Hamburg. Das muss man erlebt haben, um es zu glauben: Wie ein Pianist mit einem außergewöhnlichen Instrument im Kleinen Saal begeisterte.

Arnold Schönbergs Streichsextett „Verklärte Nacht“ trägt seine klangliche Substanz bereits im Titel. Das Stück überhöht das Mythische an der Nacht in einer Weise, wie es wohl nur die Spätromantik vermochte: Zarteste Tremoli streuen Sternenstaub, die Kantilenen winden sich in immer neuen harmonischen Wendungen umeinander, dass einen geradezu erotische Schauder überlaufen. Und wenn Schönberg die beteiligten Stimmen in gläsern-fahlen Liegetönen gegeneinanderschneidet, scheint die Zeit für immer stillzustehen.

Und was hat in all diesem Streicherzauber, bitteschön, ein Klavier verloren? Christoph Schickedanz, im Hauptberuf Professor für Violine an der Hamburger Musikhochschule, hat es gewagt, Schönbergs Frühwerk für Klavierquartett zu bearbeiten. Die Uraufführung ist Schluss- und Höhepunkt eines denkwürdigen Kammermusikabends im Kleinen Saal der Elbphilharmonie.

Elbphilharmonie: Das muss man erlebt haben, um es zu glauben

Mit ihm geht die Reihe „Duplex Coupler Grand Piano“ zu Ende, in der Hamburger Cellist David Stromberg und seine Mitstreiter der Öffentlichkeit in vier Konzerten einen zweimanualigen Flügel vorgeführt hat. Stromberg war bei der Suche nach Celloliteratur auf den Komponisten Emanuel Moór (1863-1931) gestoßen und hatte zufällig herausgefunden, dass dieser Moór auch noch ein begnadeter Konstrukteur war.

Fazit: wenn „Verklärte Nacht“ mit Klavier, dann mit diesem Instrument. Und mit diesem Interpreten. Wie der Pianist Florian Uhlig das silbrig-glöckchenhafte Timbre in den hauchzarten Streicherklang mit hineinwebt, das muss man erlebt haben, um es zu glauben. In keinem Moment wirkt der Flügel wie ein Fremdkörper.

Der Lohn der Mühe: ein immens vielfältiger, reicher, orchestraler Klang

Geschenkt bekommt Uhlig das nicht.
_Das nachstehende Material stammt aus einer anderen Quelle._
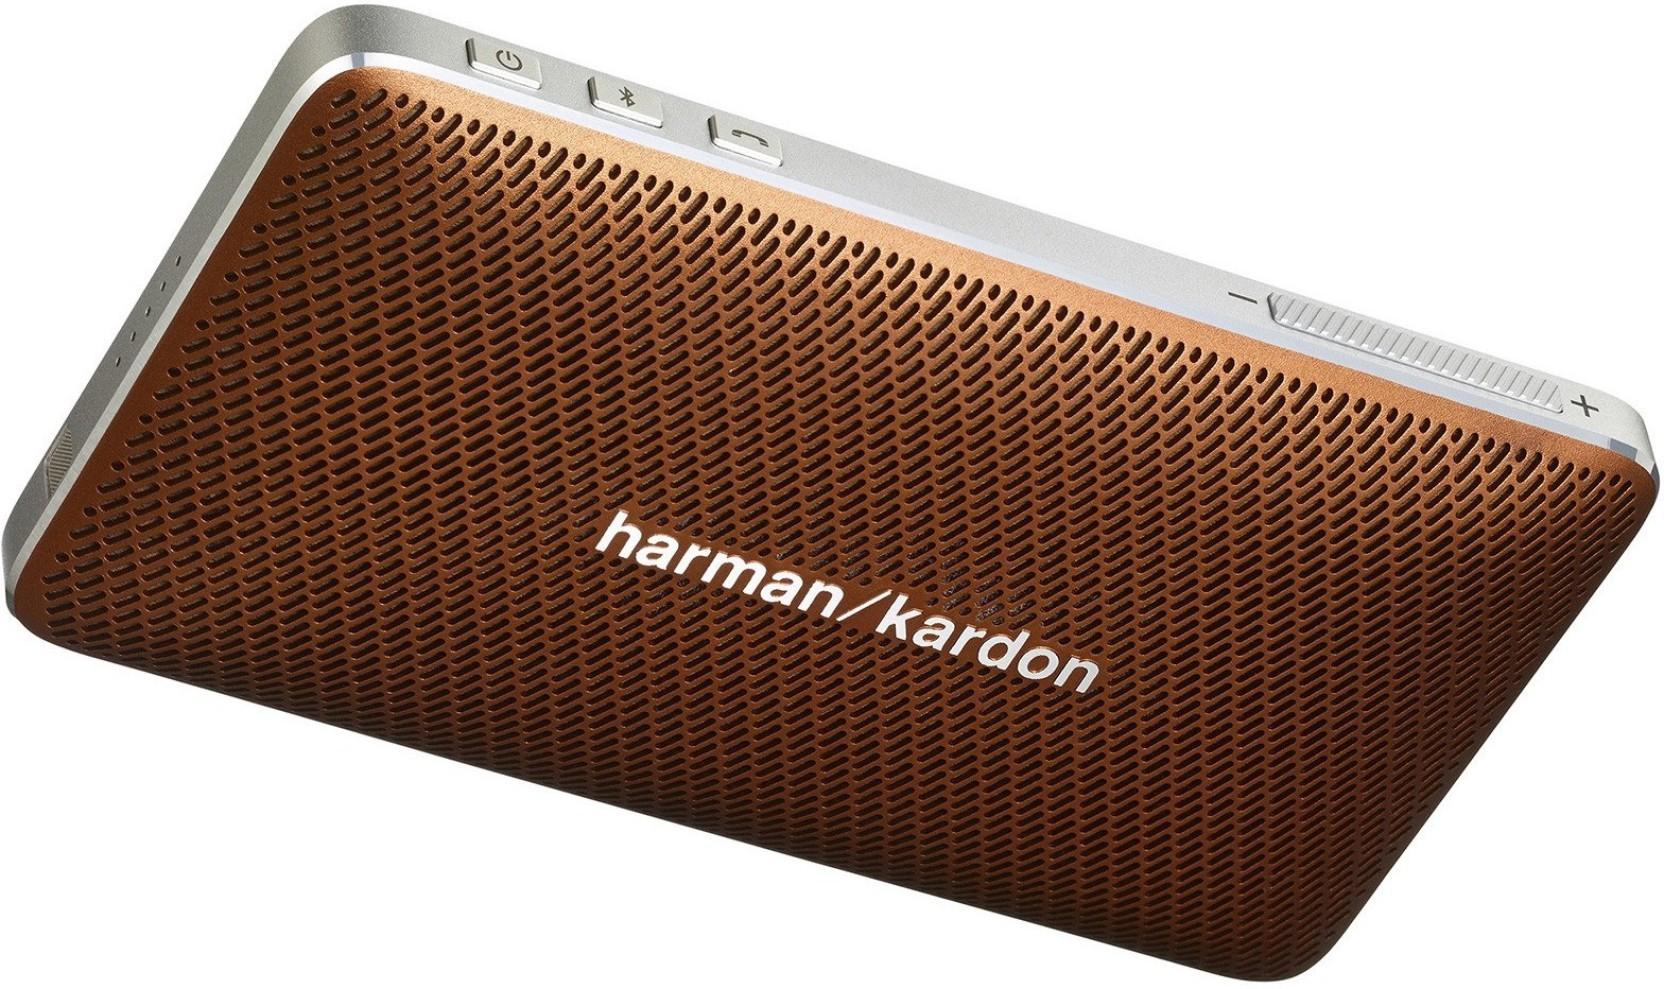 Buy Harman Kardon Esquire Mini 8 W Portable Bluetooth Speaker Online Onyx Studio 1 International Warranty Add To Cart

Wenn er den besonderen Kniff des Flügels nutzt und die beiden Manuale per Pedal aneinanderkoppelt, erklingt beim Spielen auf dem unteren Manual die obere Oktave mit – die Arbeit, auch die zusätzlichen Saiten anzuschlagen, muss der Spieler allerdings körperlich leisten. Dreimal so schwergängig sind die Tasten im gekoppelten Zustand. Der Lohn der Mühe: ein immens vielfältiger, reicher, orchestraler Klang.

Aber es ist nicht nur die Faszination dieser kostbaren Rarität. Schon als sich die Geigerin Mirijam Contzen und der Bratschist Hartmut Rohde zu Beginn des Abends in die ersten Tongirlanden des Klavierquartetts von Camille Saint-Saëns schmiegen, haben sie das Publikum am Haken. Hier geht es um alles. Hellwach sind die vier, mitreißend lebendig im Ausdruck und betörend in der klanglichen Vielfalt.

Elbphilharmonie: Romanze für Bratsche und Klavier bleibt etwas blass

Natürlich kommt auch Moór an diesem Abend zu Ton. Seine Romanze für Bratsche und Klavier bleibt ein wenig blass. Aber die Cellosonate hat die Intensität und Lebensfülle eines Brahms, ohne epigonal zu wirken.

Großer Jubel für einen sehr besonderen – und endlich einmal gut besuchten – Abend.